Лёня вызывал гораздо больше тревог. Потому что, имея перспективную надежную работу, мечтает стать артистом. Когда блистал в студенческом театре, в команде КВН, было очень мило. Когда решил бросить институт, поступать в театральный, родителей чуть не хватил удар. С большим трудом Илья Ильич и Анна Аркадьевна вырвали у сына обещание, что сначала он окончит институт, получит диплом, а потом уже будет ломать свою судьбу. Лёня снялся в нескольких эпизодах, играет в молодежной самодеятельной студии.
– Чем вам не нравится профессия артиста? – удивился Юра.
– Тем, что она делает из мужчин женщин, вырабатывает потребность нравится, кривляться, тужиться и всем угождать. Тем, что она сильно зависит от везения и чужой воли – режиссера или продюсера. Мне, учительнице, скажем, противно работать в этой школе под началом директора-самодура. Я напишу заявление и уйду в другую школу, дети везде дети. Артист же, если он хочет быть знаменитым, а хотят все, или даже не знаменитым, но хотя бы иметь роли, должен ходить на цырлах перед режиссером, будь тот и последним подлецом. Артистов в России тысячи, я пыталась выяснить: не менее двенадцати тысяч. Скольких мы знаем? Два десятка, пять десятков знают те, кому положено по должности. Остается одиннадцать тысяч девятьсот пятьдесят. И все они… – Анна Аркадьевна не могла подобрать слова.
– Неудачники? – подсказал Юра.
– Можно и так назвать людей, которые смотрят глупый сериал и бормочут, что, мол, я бы мог сыграть гораздо лучше. Этому, на экране, просто повезло.
– Вы не знаете, сколько в России писателей? – спросил Юра.
– Понятия не имею.
– Сто двадцать тысяч! А сколько известных? Я где-то слышал чью-то фразу, какого-то поэта. Он сказал, что писал бы и для десятка читателей, и для двух, он бы писал только для себя самого.
Анна Аркадьевна повернулась и внимательно посмотрела на мальчика. Ей не приходила в голову мысль, что ее утверждение, давно и настойчиво пропагандируемое: ребенок, подросток, человек имеет право быть счастливым по-своему – относится и к ее сыну.
– Ты прав, Юра! Родительское ханжество ядовитее чистоглазого вранья политиков, хотя то и другое рядится в одежки добрых намерений.

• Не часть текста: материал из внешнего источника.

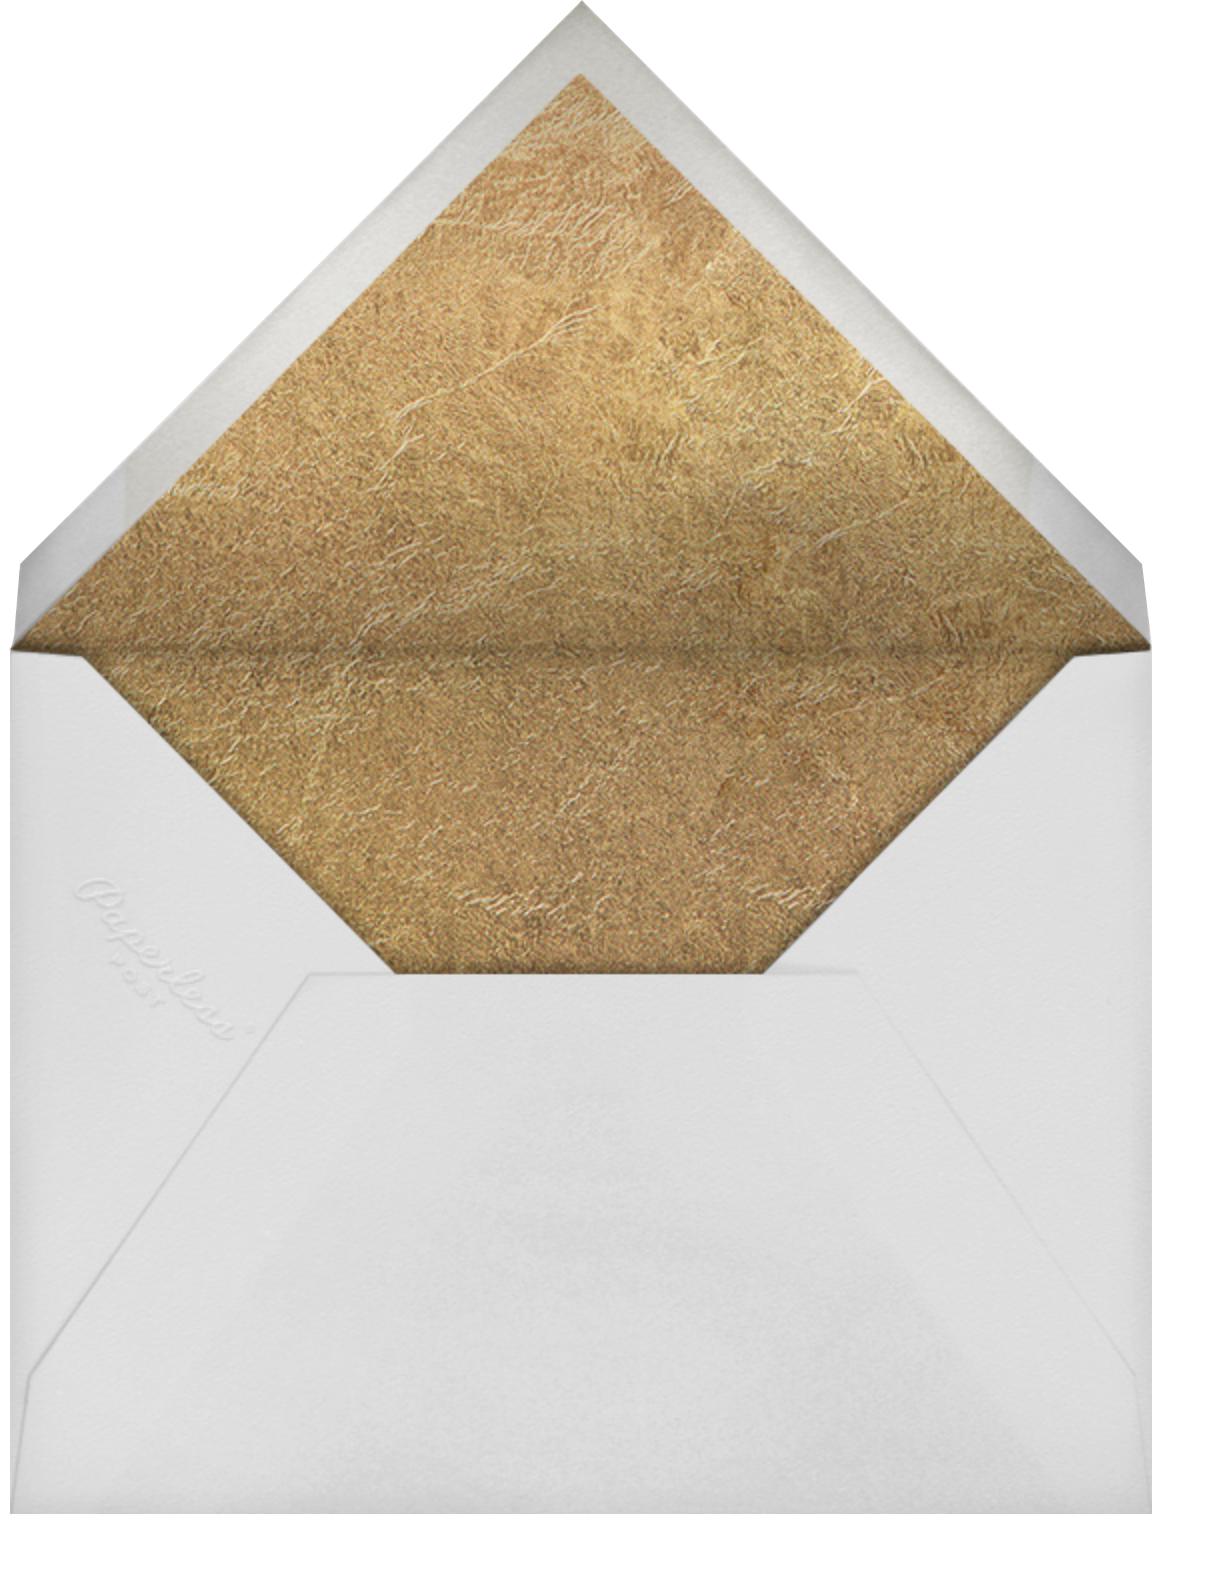 Garde (Square) - Kelly Wearstler - Save the date - envelope back

– Дядя Паша рисует котов, – сказал Юра.
– Кого? – не поняла Анна Аркадьевна.
– Кошек, домашних животных. Дядя Паша – слесарь, каких поискать, он вообще – золотые руки. Но не практичный. Котов рисует вместо того, чтобы копейку зашибать. Все считают – чудит. Жена ругается. Она у него хорошая. Ругается, но краски покупает.
– Как любопытно! – заинтересовалась Анна Аркадьевна. – Можно посмотреть его котов?
– Не знаю, – пожал плечами Юра. – Я спрошу. Мама вам хвасталась, какой я умный был в детстве?
С дальних подступов разговор он затеял не потому, что уж очень интересовался детьми Анны Аркадьевны, а потому что примеривал их жизнь на себя.
В детстве человек ощущает себя центром мироздания, вокруг которого крутятся важные фигуры вроде мамы и менее важные, но все равно как бы личные, для меня . В юности огромный мир обрушивается на тебя, точно где-то на небесах лопнул мешок с костюмами, масками, гримом, и ты примеряешь все это на себя. Приходишь в отчаяние, когда классический цилиндр сидит на тебе как клоунская шляпа. Россыпь прыщей на лбу – повод возненавидеть весь мир и Таню Соколову, которая кривоногая дура, а не объект ночных томлений. Память об этих переживаниях относится к легкостираемым, поэтому родители ничего не помнят про себя-подростков. И только редкие писатели, обладающие даром чувственной памяти, напишут, что отрочество – самый жуткий и мучительный период жизни. Толстой назовет его пустыней.
Юре, конечно, уже не грозит суицидальный припадок, а эмиграция в наркоманию или пьянство вполне грозит. Он еще не нашел себя и, сколько ни хорохорься, зависит от мнения окружающих, жаждет его услышать. Будто можно понять себя с помощью подсказки. Как на уроке, отвечая у доски, избежать двойки благодаря шепоту с третьей парты. Мир еще вокруг него и для него, а не он в мире, как крохотная точка. Потом он повзрослеет, кровеносные сосуды тела склерозируются и так же забьются, потеряют трепет сосуды души. Если у души есть сосуды. Но должна ведь она как-то питаться. И насытиться, объесться. Анне Аркадьевне про нее саму никто уже ничего нового не мог сказать. Она уже все слышала.